Why am I so sure that free, open, unlimited wifi is the financially smarter move? Because big corporations like Starbucks and Panera, with lots of data and people who are trying to maximize profits, deliberately switched to the unlimited system.

What puzzles me is why small business owners don’t look at this and say, “You know what? If I am going to compete with these big stores, I should set up free wifi and a nice bathroom. I should try to make my customers feel as welcome and comfortable as I can.”

I suspect that there are two problems here. The first, which I have already alluded to, is one of cognitive biases. It is true in a wide range of contexts that negative events impact us more strongly than positive events: it is emotionally more painful to lose five dollars than it is emotionally gratifying to gain five dollars. So the guy who is freeloading on your wifi is more emotionally salient than all of the people who come for the wifi, spend money, and then leave again before you get mad.

This is a place where the cold, calculating nature of the disembodied corporation has an advantage. It can actually crunch those numbers and discover that this is one of those circumstances where you can cast your wifi upon the waters, for you will find customers after many days.

This may be the difference between the owner and the employee as well. If we use the bathroom, maybe the owner perceives that cost in a direct, emotional way that the employee does not, despite the fact that the employee is more likely to be the one who has to clean the bathroom.

The second problem, I think, is the moral language that we often use when discussing shopping locally, where it is presented as a moral duty to support local businesses. I think that there might be some good, rational reasons to shop locally when possible, but I think that the moral framing causes more harm than good. Small-business owners will often use this as a sort of crutch: “If you’re not shopping local, it’s because you’re a bad person, not because I provide an inferior product at a higher price.” It seems to me that if you’re going to start an independent coffee shop, you need to ask yourself, “What can I do to provide the most satisfying experience for my customers? How can I use my local knowledge and connections to create something wonderful that Starbucks could never pull off?” Every now and then you find something like that. When I lived in Santa Fe, there were a few different places that successfully did this, and I would rotate around, working in various locations, and spending way too much money on coffee.

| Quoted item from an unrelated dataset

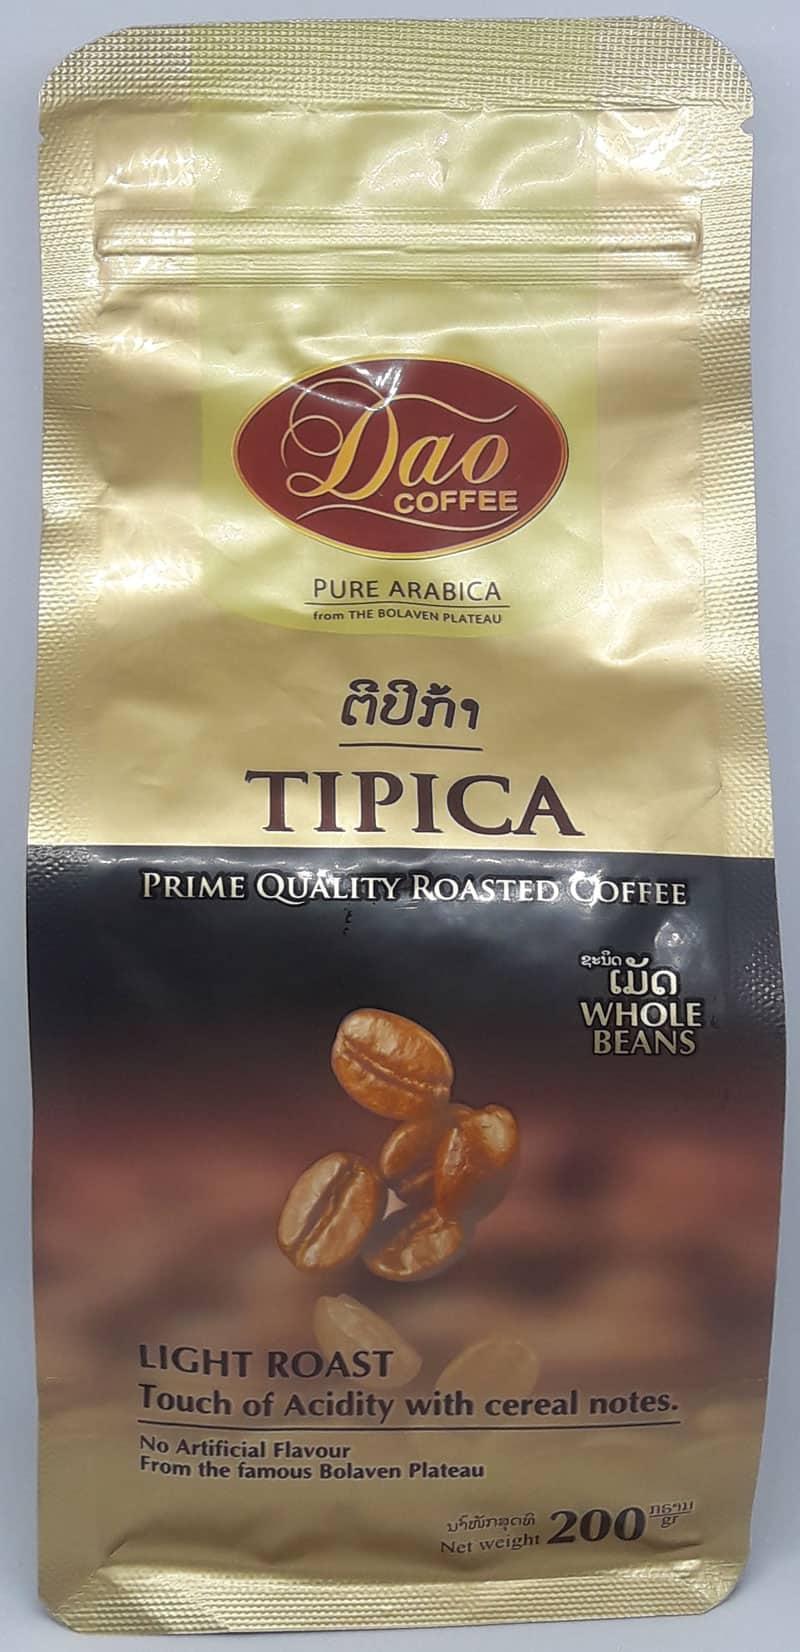 Tipica Pure Arabica Light Roast

Of course, the moral argument — this vague sense that small businesses are somehow better than big ones — is one that I buy to an extent. It is one of the reason why I’m willing to pay a little bit more to re-nut my sack. But when the moral argument takes center stage, it eliminates the incentive on small businesses to think creatively about what they’re doing — or at least to copy uncreatively the best practices of their most successful competitors.